I had to ask, “Was it as good as you’d imagined?”

“Better.”

He’d wanted to for so long but had been so busy. Now finished his degree in sport therapy, about to enter the adult work force. Not doing garden work anymore, but still training for his footy. Worried that he won’t be able to get there at 7 in the morning.

“Yes, but you’ll have a smile on your face.”

We chatted a bit more as I wiped myself, the smell of his semen mingling with my Chanel No 5. He has plans for his future. He toured my atalar escort garden with me by the full moon, even asked about my electric lawnmower. He picked up my meagre weights in the living room and we went through my arm exercises. “I should charge you for personal training,” he joked.
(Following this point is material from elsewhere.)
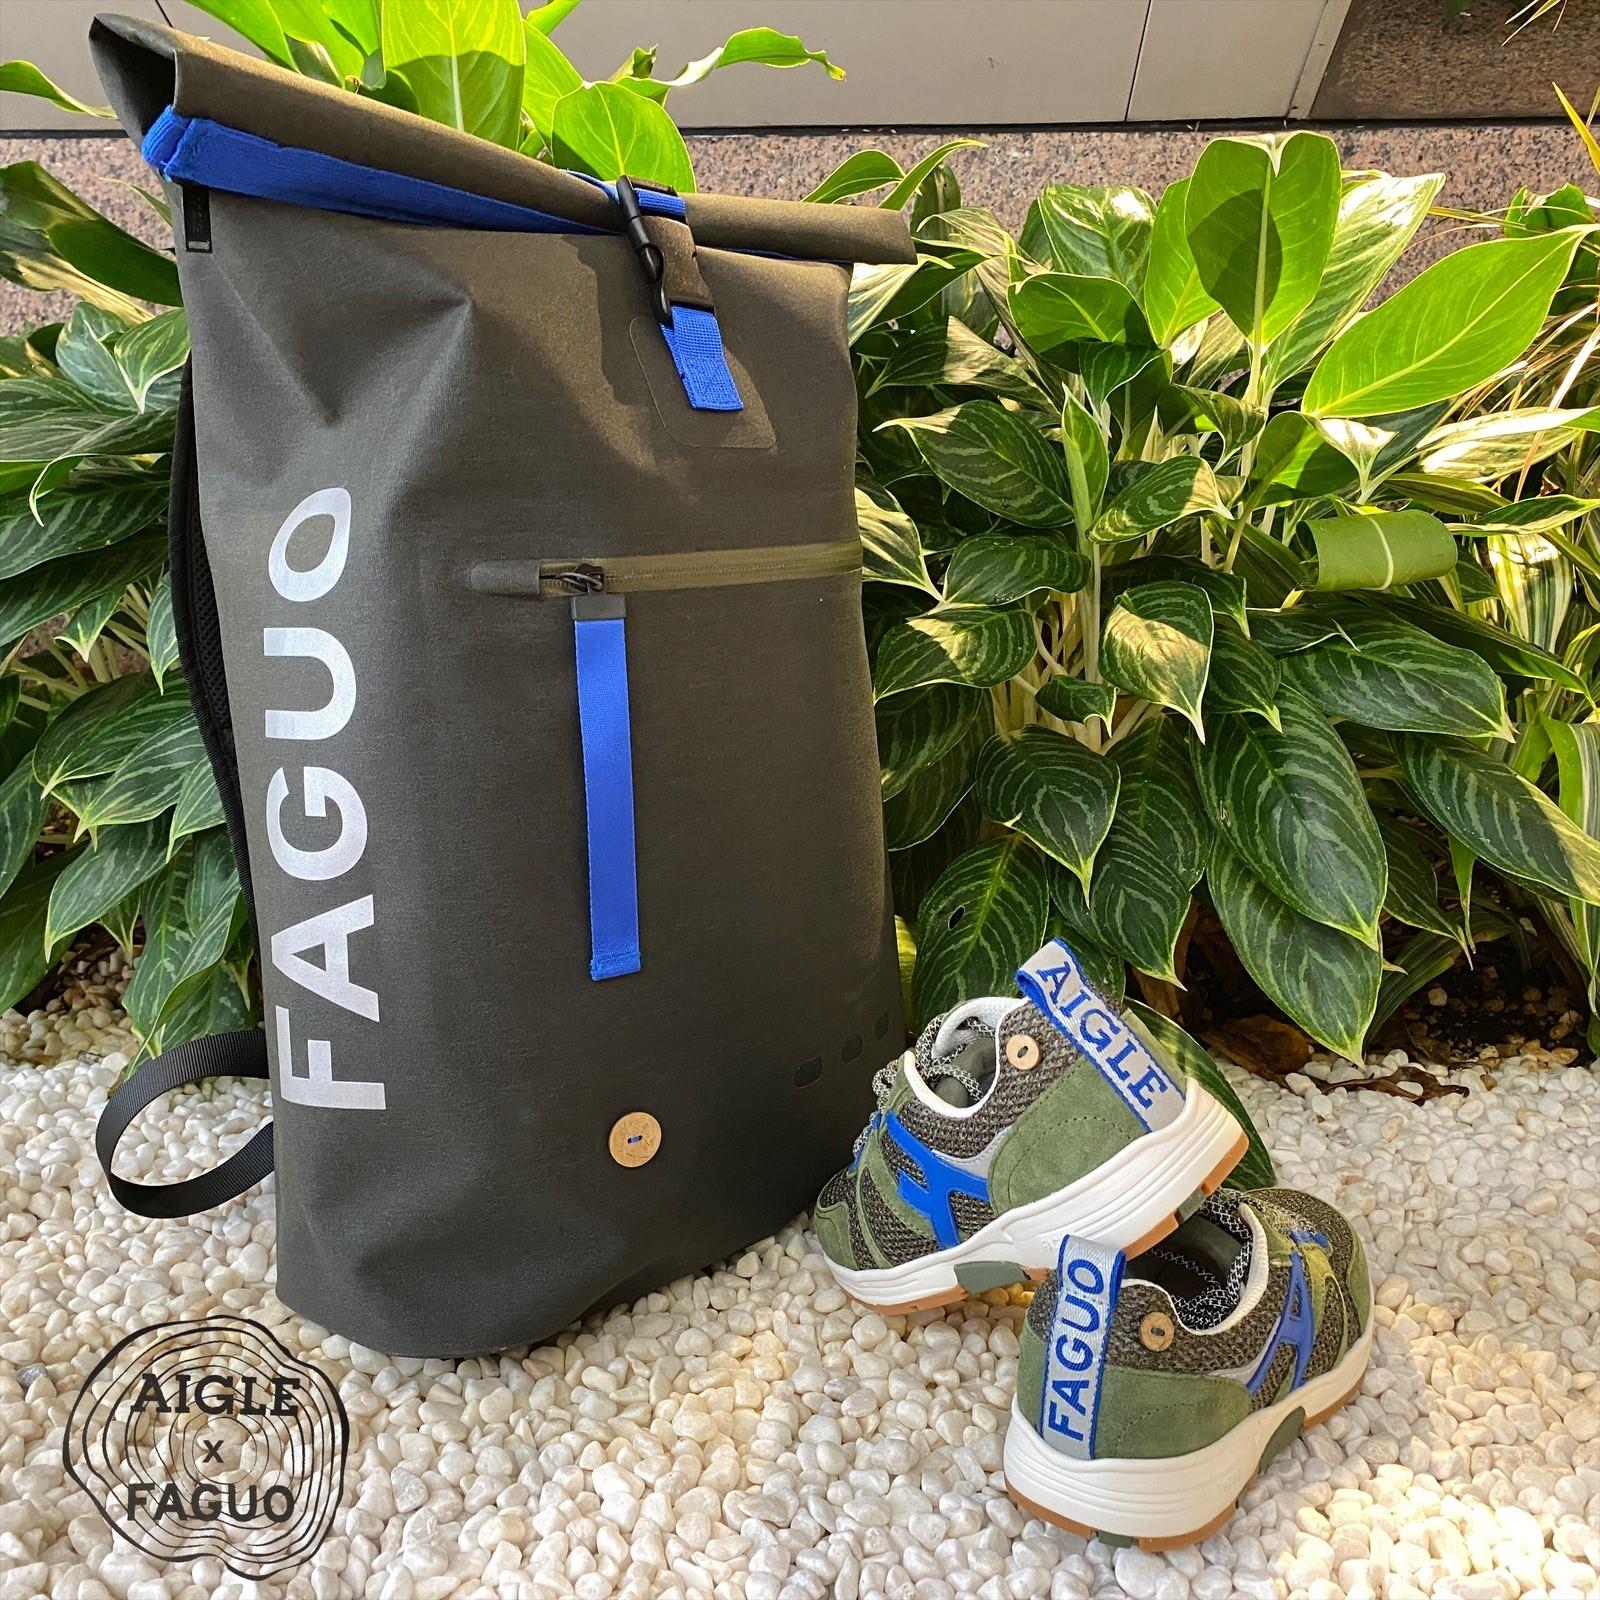 AIGLE時代廣場專門店 《AIGLE×FAGUO》環保聯乘系列及購物優惠

What a shame he hadn’t taken advantage of me sooner, we could have been doing this for all this time. I hope next time he’ll grab his opportunity with less hesitation.

He is a together young man. No tats, not into drugs or even much booze. Currently girls don’t rate high on his agenda. “They are too expensive and too much work.” He is too busy. Of course I know I’m in a different category, less effort and perhaps more thrill.

And last month…

That was over a year ago. Every few months he prods me again with his texts, asking for more photos. Having breached the divide into sexual intimacy we are now somewhat more open in our exchanges. He asks for ever more explicit photos. Sometimes I just send neutral pics, cheerful fully dressed photos suitable for friends. Then I hit him with one of the nudies, or the one that is almost arthouse of me from behind riding my satyr in a suit (the subject of a forthcoming story, faithful reader).
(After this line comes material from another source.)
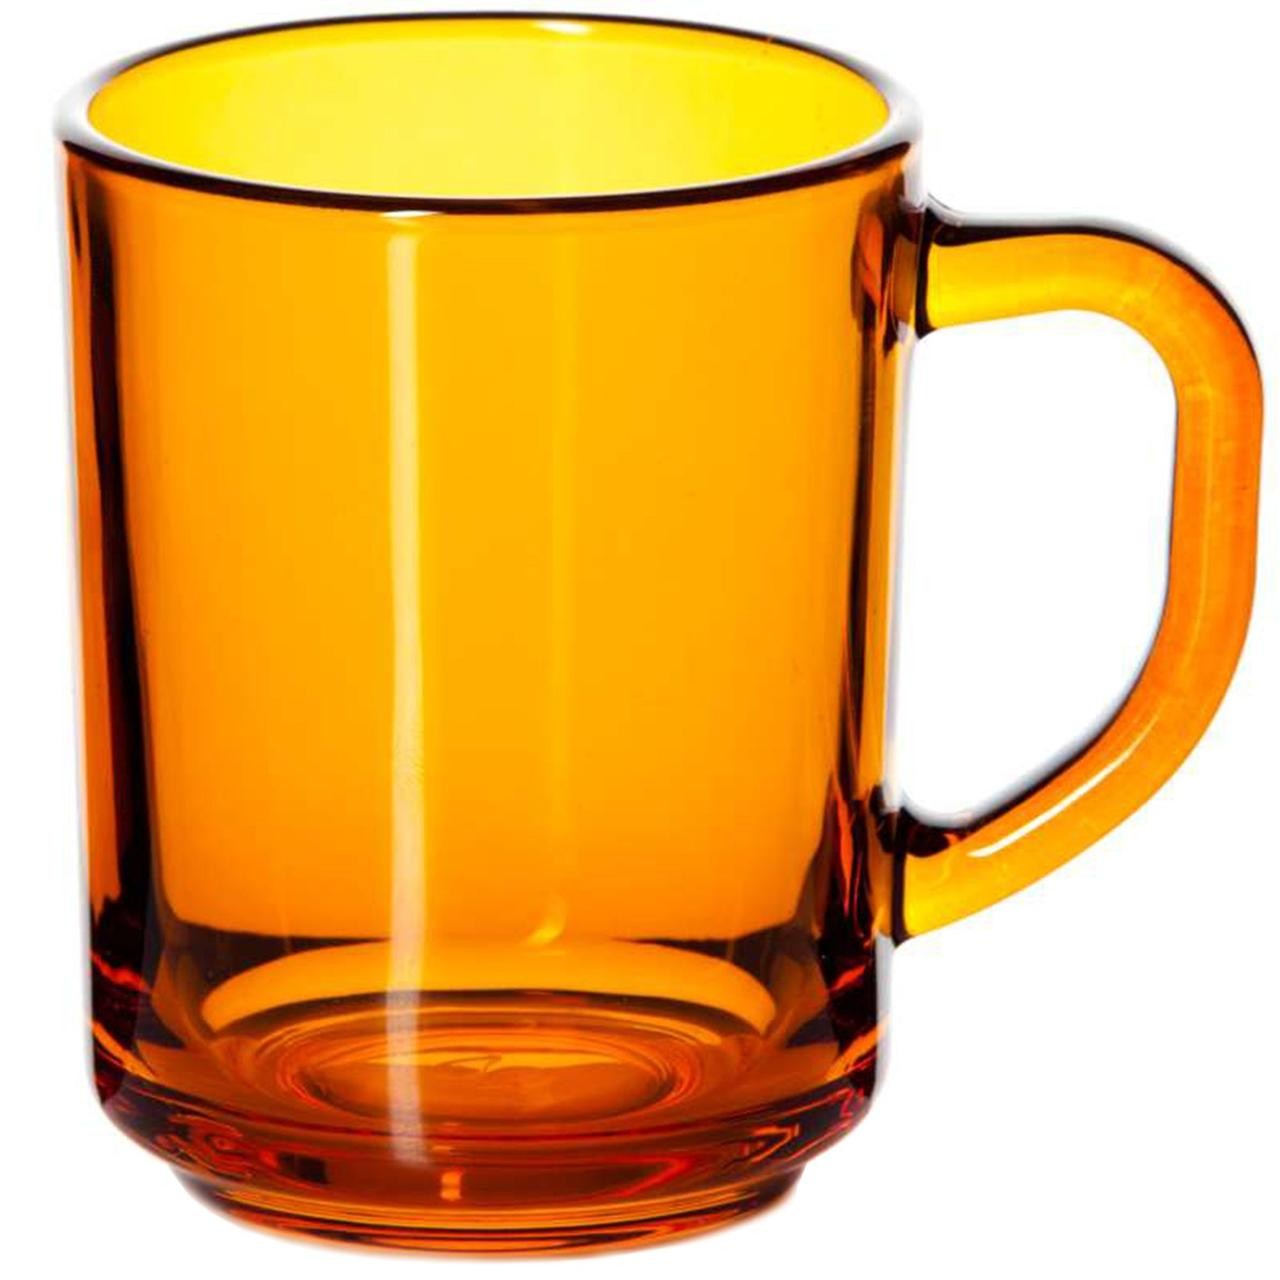 Кружка Enjoy, оранжевая (артикул 10248.20)

Our texts are endless nonsenses about when I will be available, and endless cul de sacs of thwarted lust. It would be good again, if he actually shows up for seconds. He must know I consider him mere entertainment. He asks if he can do a video. I have to think about that, the risk of it being passed around. Wouldn’t like that. But most sex shots don’t show the face, so might be ok. I have little concern about photos, maybe a misguided nonchalance about secrecy. I like the way I look in the photos, be it pride or vestigial vanity.

Can’t help but feel it as a notch in my belt, a handsome sexy man boy close to 50 years my junior. It was playful fun, no harm in it. He even started to pick up my clothes from the floor, I can tell he is a responsible sort, his life about to unfold according to his efforts and goals. He could be my grandson. I won’t be around when he is a middle aged dad or husband. For a brief hour we entwined. Perhaps there will be a reprise, maybe not. Without making it more than it was, it was human and it was good. So there.